_Work to complete_. Among the records below, find the line with "Pet Portrait Dog" and the line with "taylor 214ce dlx". Set down both and every line between, exactly and with no pictures, but nothing else.

===== Supplied information =====

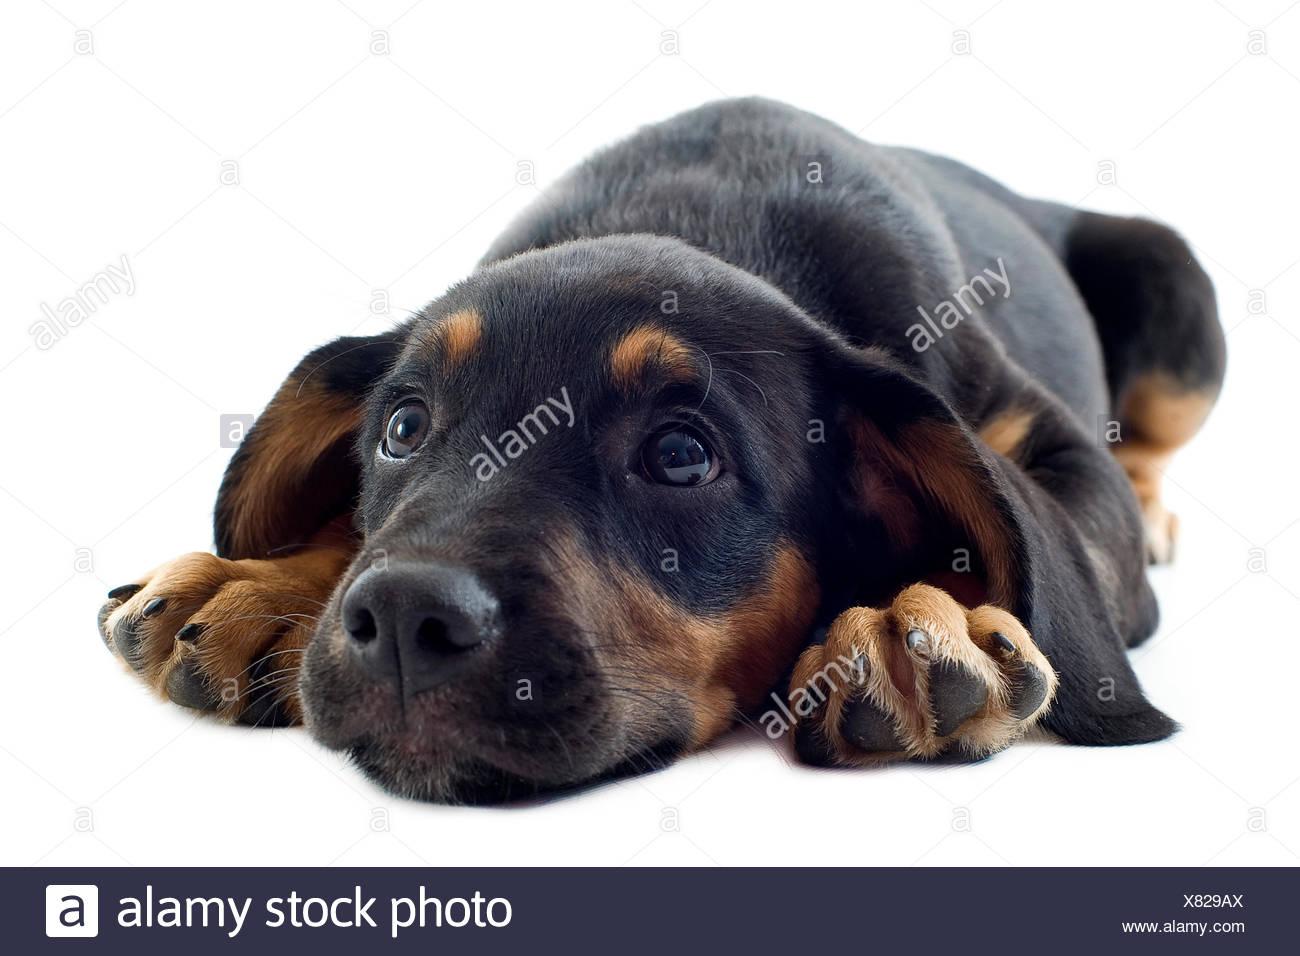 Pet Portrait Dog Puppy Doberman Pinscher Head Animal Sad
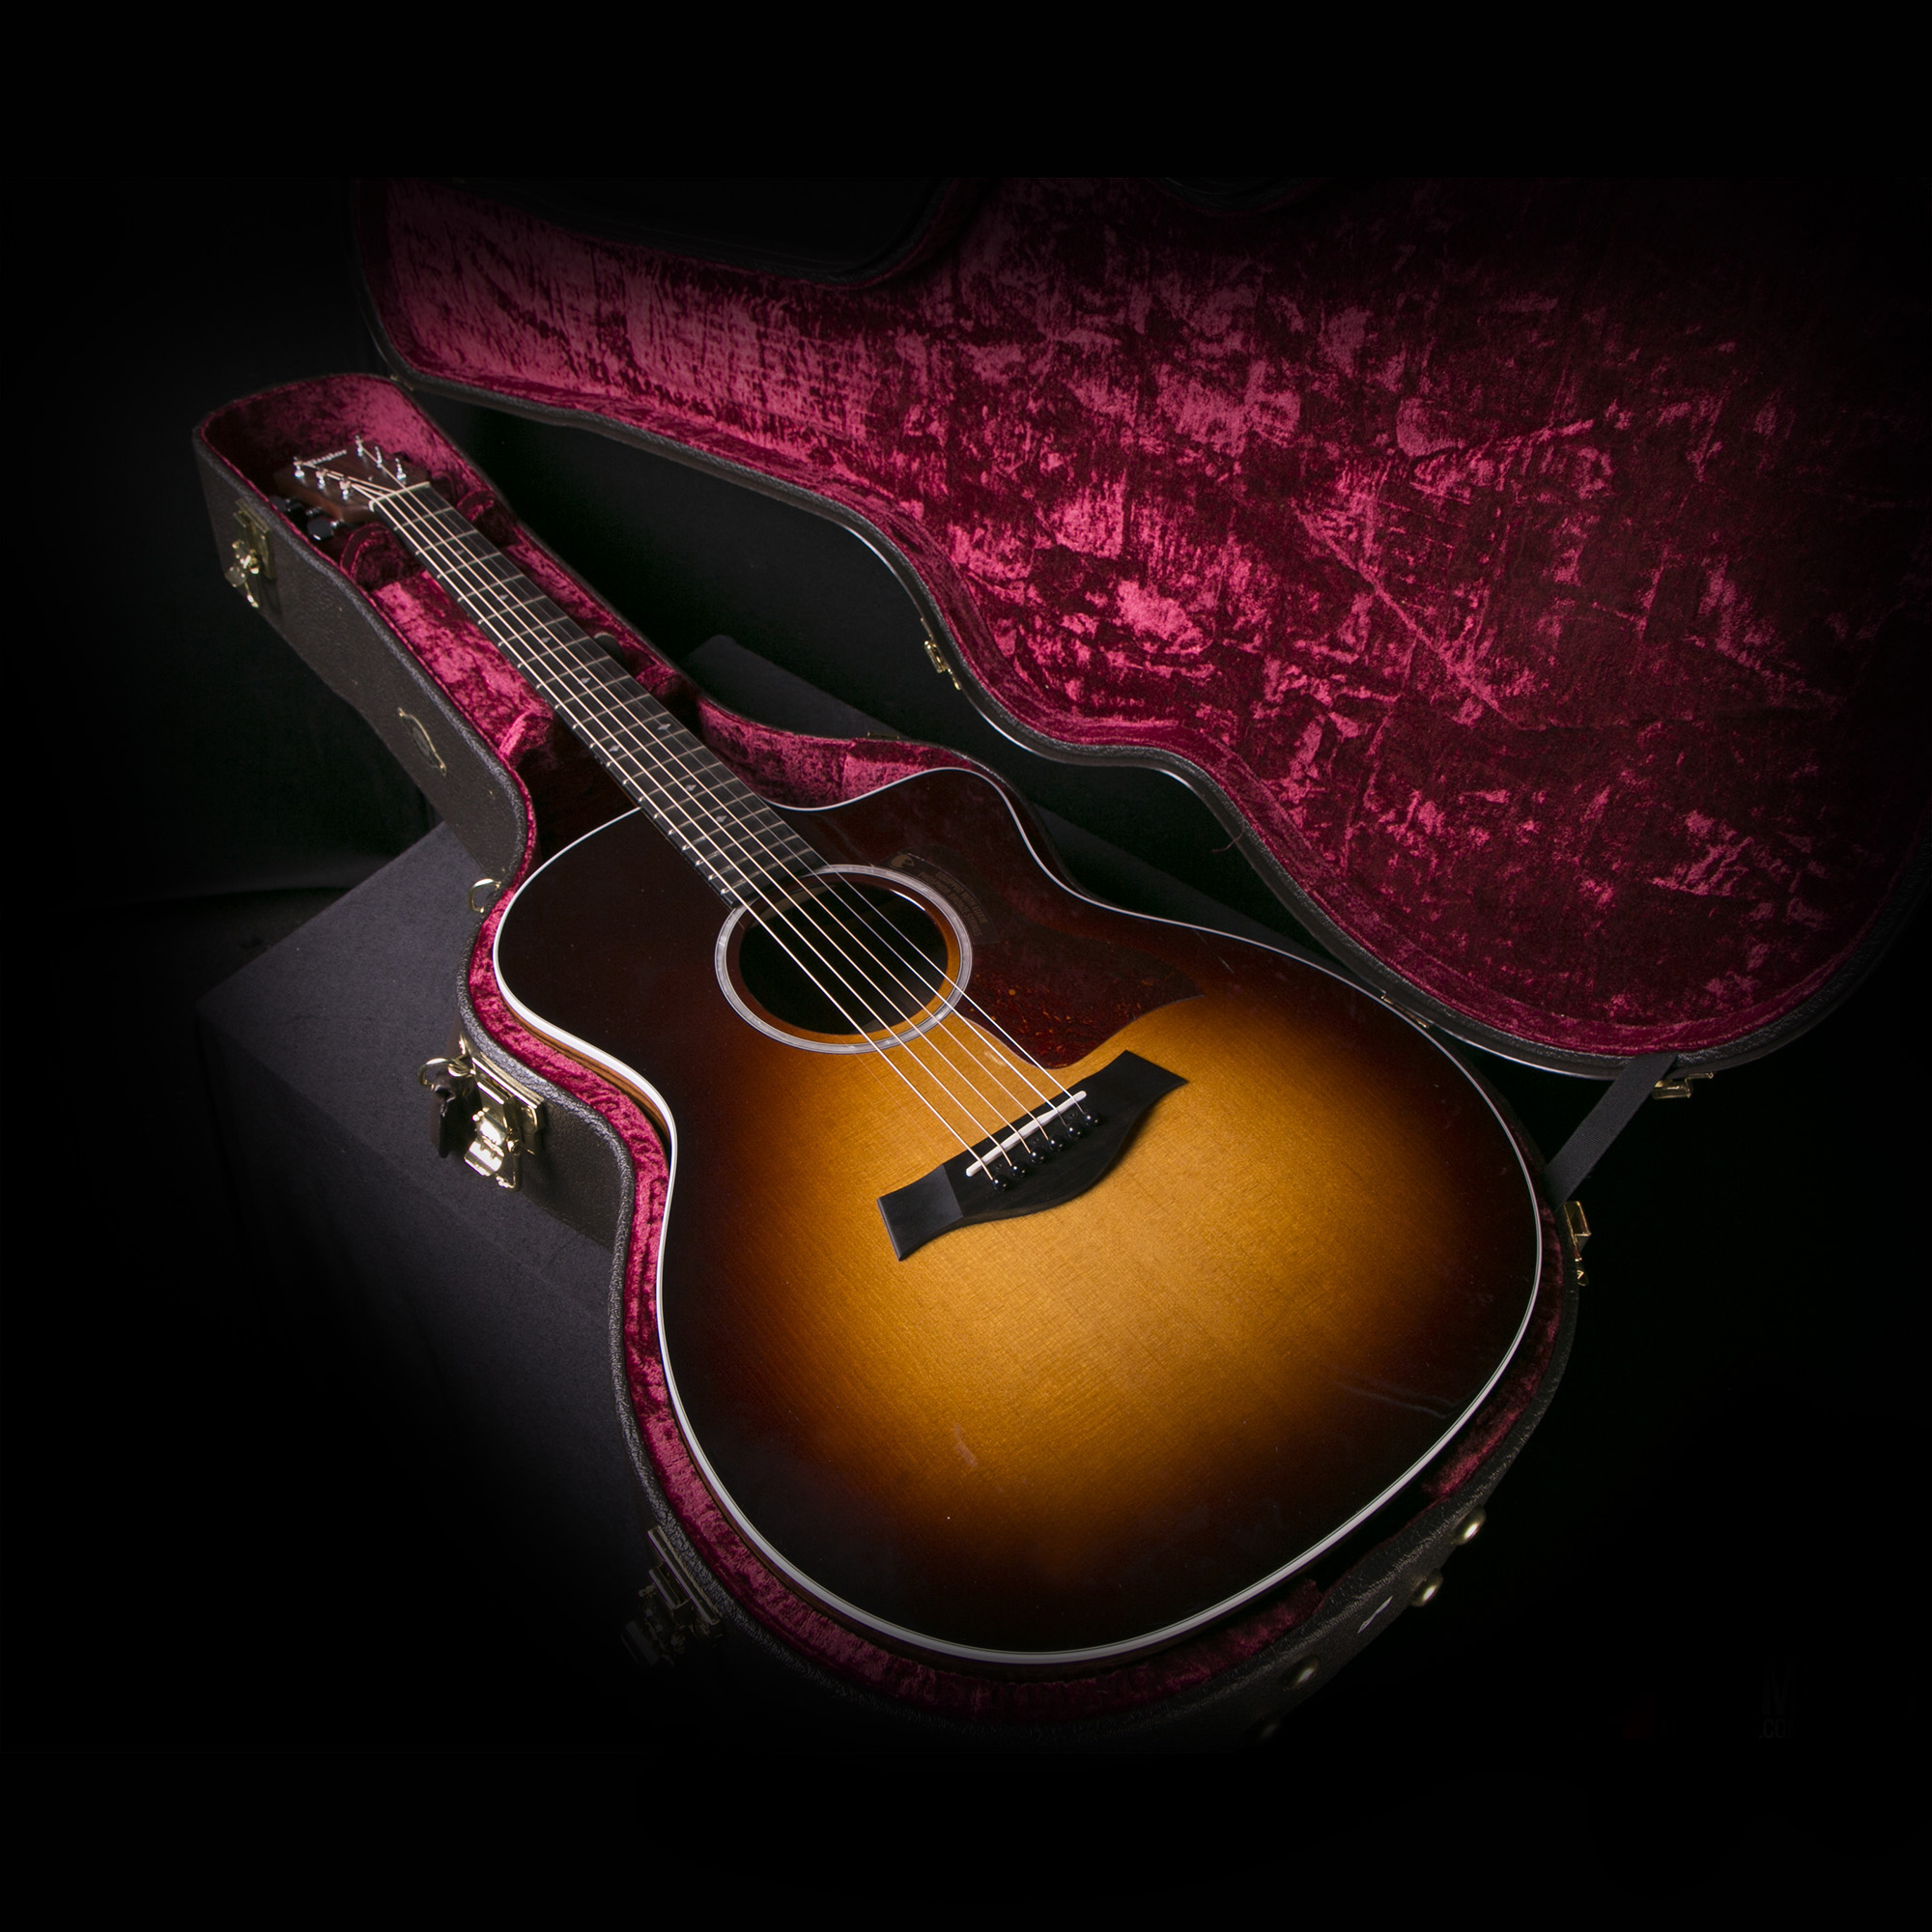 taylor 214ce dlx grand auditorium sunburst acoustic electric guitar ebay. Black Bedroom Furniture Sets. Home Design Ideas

=====
===== Supplied information =====

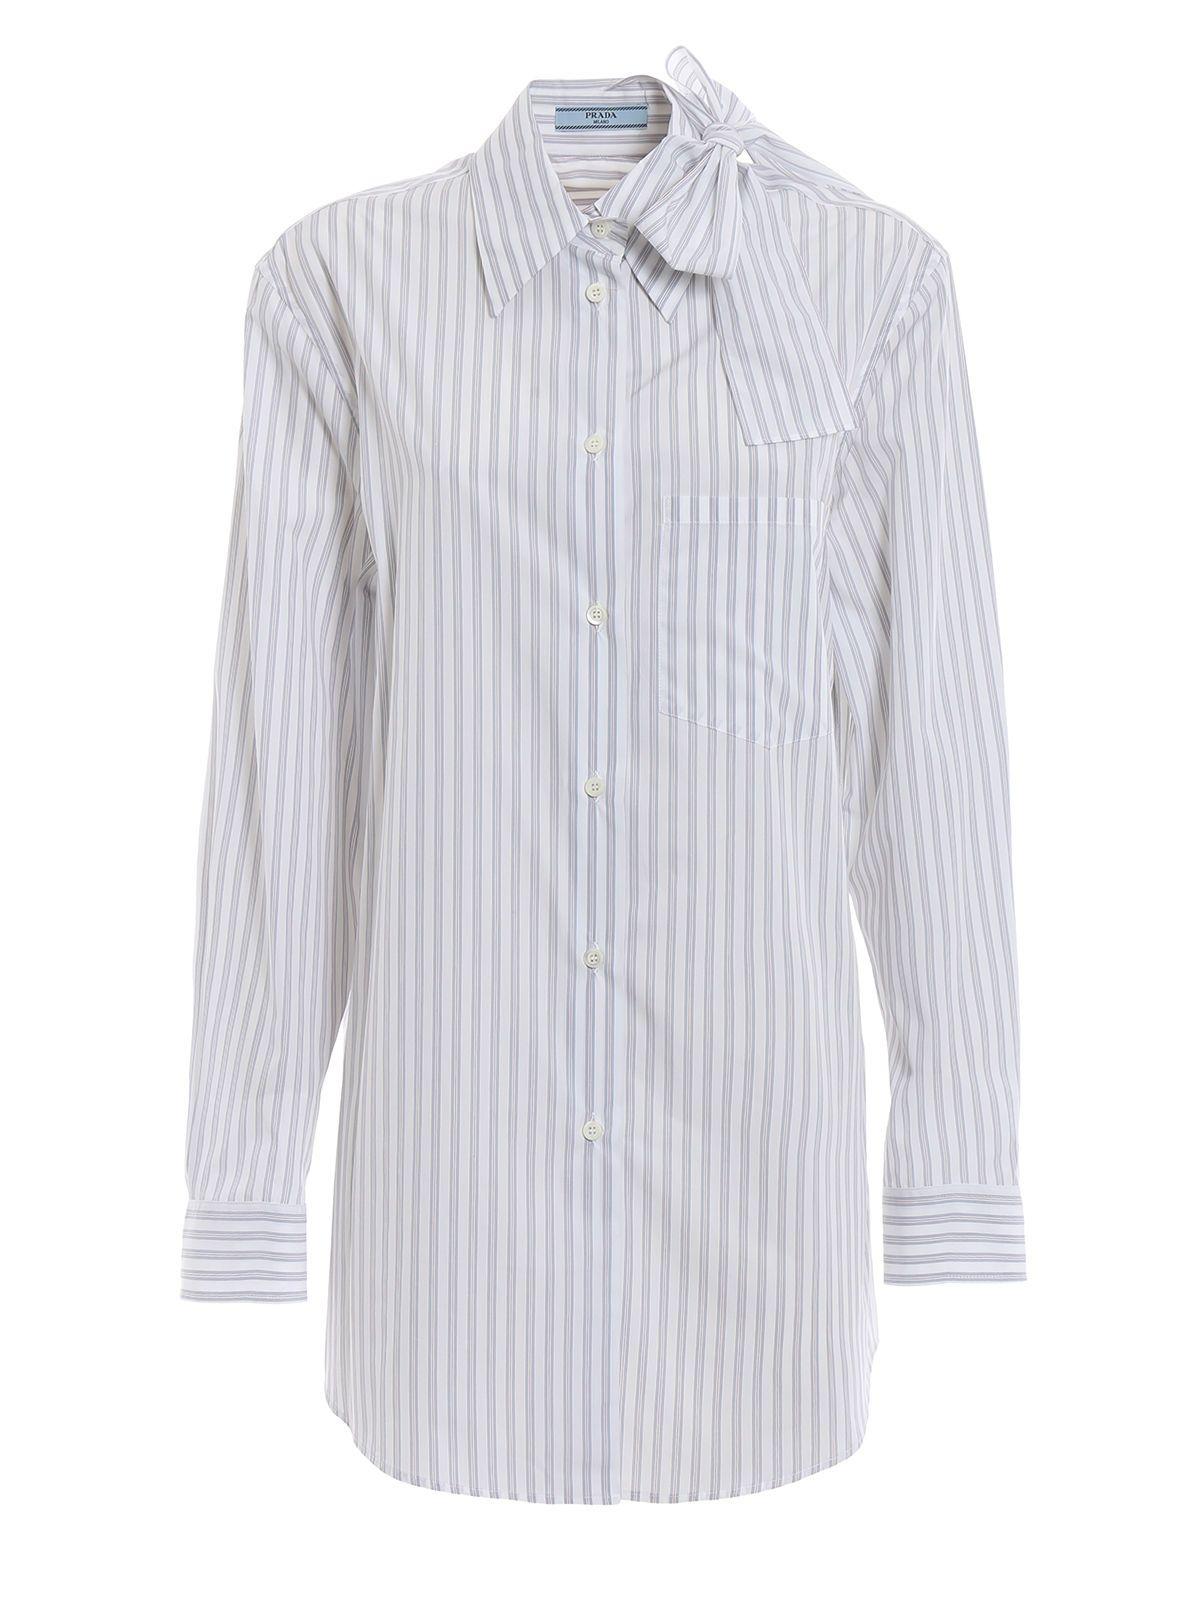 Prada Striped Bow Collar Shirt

=====

_Exercise answer_.
 Pet Portrait Dog Puppy Doberman Pinscher Head Animal Sad
 taylor 214ce dlx grand auditorium sunburst acoustic electric guitar ebay. Black Bedroom Furniture Sets. Home Design Ideas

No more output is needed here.